Abstract
In the last decade, many proteomic technologies have been applied, with varying success, to the study of tissue samples of breast carcinoma for protein expression profiling in order to discover protein biomarkers/signatures suitable for: characterization and subtyping of tumors; early diagnosis, and both prognosis and prediction of outcome of chemotherapy. The purpose of this review is to critically appraise what has been achieved to date using proteomic technologies and to bring forward novel strategies – based on the analysis of clinically relevant samples – that promise to accelerate the translation of basic discoveries into the daily breast cancer clinical practice. In particular, we address major issues in experimental design by reviewing the strengths and weaknesses of current proteomic strategies in the context of the analysis of human breast tissue specimens.

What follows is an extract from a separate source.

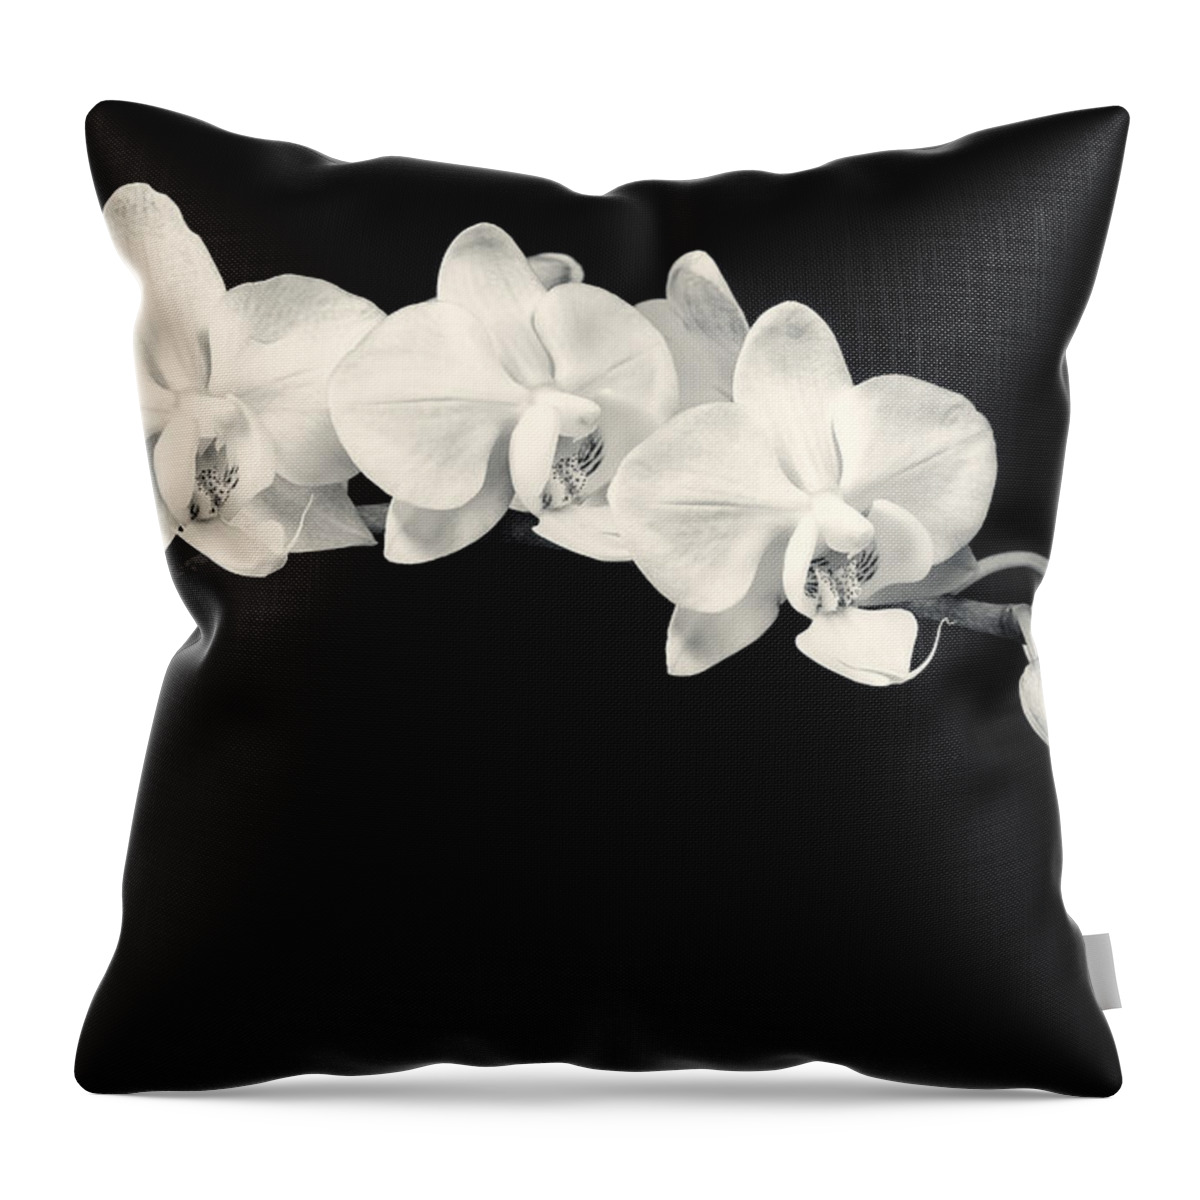 3scape Throw Pillow featuring the photograph White Orchids Monochrome by Adam Romanowicz

Financial & competing interests disclosure
This work was supported by the Danish Cancer Society through the budget of the Research Center and by grants from the “Race against Breast Cancer” foundation and the John and Birthe Meyer Foundation. The authors have no relevant affiliations or financial involvement with any organization or entity with a financial interest in or financial conflict with the subject matter or materials discussed in the manuscript apart from those disclosed. This includes employment, consultancies, honoraria, stock ownership or options, expert testimony, grants or patents received or pending, or royalties.
No writing assistance was utilized in the production of this manuscript.
Key issues
Much progress has been achieved in proteomics discovery technologies allowing in-depth profiling of proteome in a multiple breast tissue cancer samples that are a promise in improving the understanding of breast cancer progression and in establishment of novel tissue-based prognostic, diagnostic and predictive biomarkers and/or signatures.
However, finding protein biomarkers which can be implemented in daily clinical practice has turned out to be not a simple task. Many steps and elements of the translational proteomic strategies used to date in translational breast cancer studies should be critically reviewed to achieve a better success in future.
Considerations with regard to intratumor heterogeneity and plasticity should be carefully taken into account in any breast cancer proteomic projects.
So far, the most of the translational proteomic studies were generally executed on a limited number of tissue samples with an insufficient knowledge about breast cancer patients.
Validation tests are usually performed on small cohort of samples that are often poorly characterized. Stratification of the data obtained at the discovery phase is a crucial step in creating clinically relevant reliable biomarkers.